The one who plays “catching” in the small flat
If you think kids nowadays don’t play catching, you’re wrong. Even if your flat is just a three-room flat, they’ll still find the space to “catch” their cousins, knocking down several vases along the way. And what’s the worst? Their parents won’t care, and if you care, you’ll be scolded by the parents. #duriangeneration
The one who keeps asking you stupid questions
One question is cute, two is okay, three is repetitive, four is a little annoying, five is the time to choke-slam him. They may think they’re cute, but here’s one advice for parents: They aren’t, especially when you’re trying to focus on your ban-luck.
The one who doesn’t know how to use the toilet
You’ll be surprised that at how pampered kids nowadays are: one kid, who might be already seven or eight years old, doesn’t know how to use the toilet. What happens when he needs to shit? Well, well, well…#waittillyouseeone
The one who criticize you without mercy
He’ll go up to you and ask why you’re so fat Or why your nose is so big. You know, sometimes, I really don’t understand how some parents define “cute”.
The one with overprotective parents
You know, the parents who come in and instruct that you keep the dogs out, because their kid is afraid of dogs? And the kid who comes to you and demand specific drinks? They belong to the Durian Generation, and they’re plentiful. If you defy their instructions…wait for their special weapon: crying.
The one who is so rude, he opens ang bao in front of everyone
If you just put $2, all the best: everyone is going to know, and you’ll be the centre of attention, because the kid might just cry.
The one who talks with screams
It’s like the volume of the kid has been set to maximum: every word must be a scream. The worst is that the parents don’t seem to mind. What’s wrong with parents nowadays?

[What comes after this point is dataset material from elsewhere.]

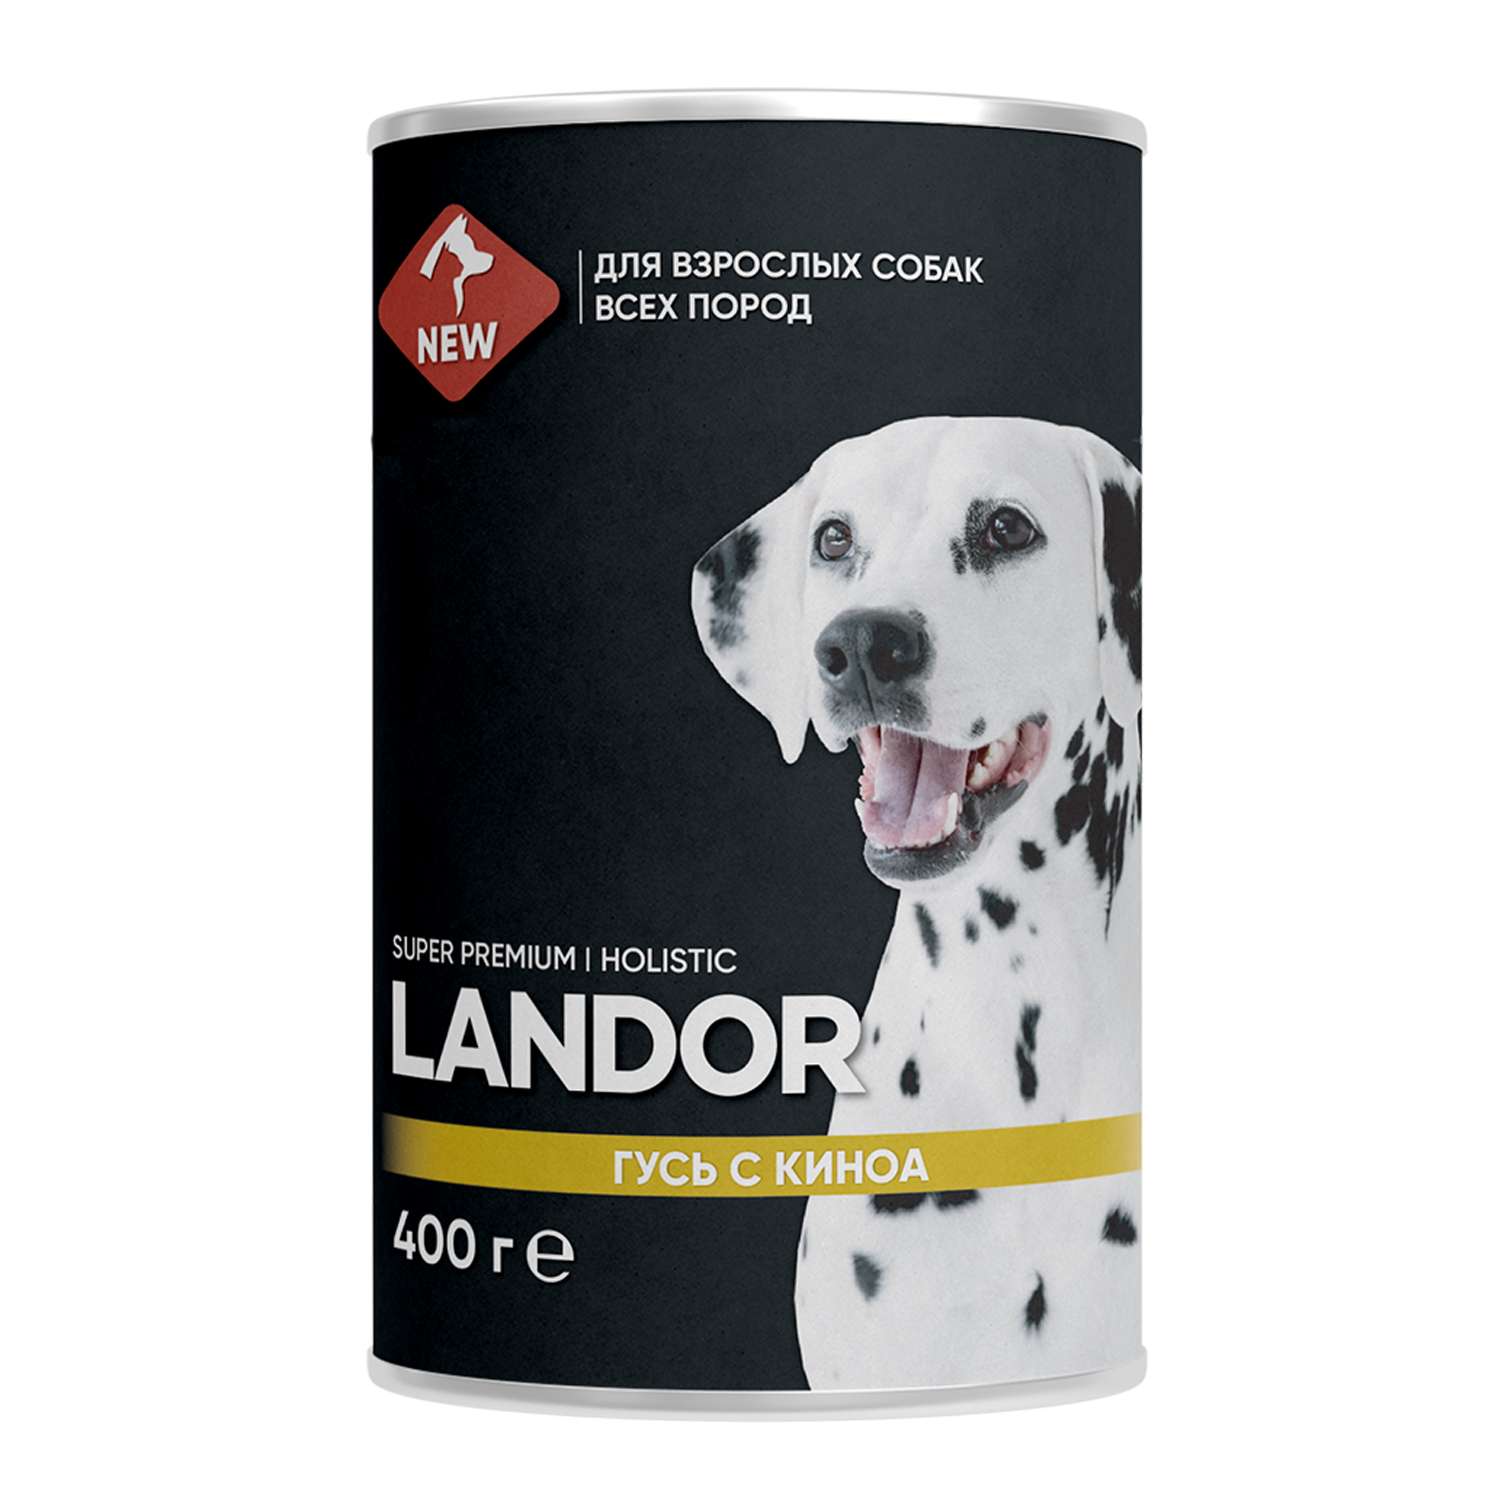 Корм для собак Landor 0.4кг всех пород гусь с киноа ж/б - фото 1

The one who acts like a prince
He’ll come in, and not want to eat any food—because it’s not to his liking. He wants a specific type of food, and very often, you just want to give him dog food.
The one who has to ransack your house
He’ll go all over the house as if he’s an investigation officer and look for absolutely nothing. And if he switches on your computer and finds some movies that shouldn’t be there…well, good luck.
The one who keeps crying
Basically, this kid would exhibit all traits of #1 to #9, just that he’ll cry if demands are not met. The worst of the worst.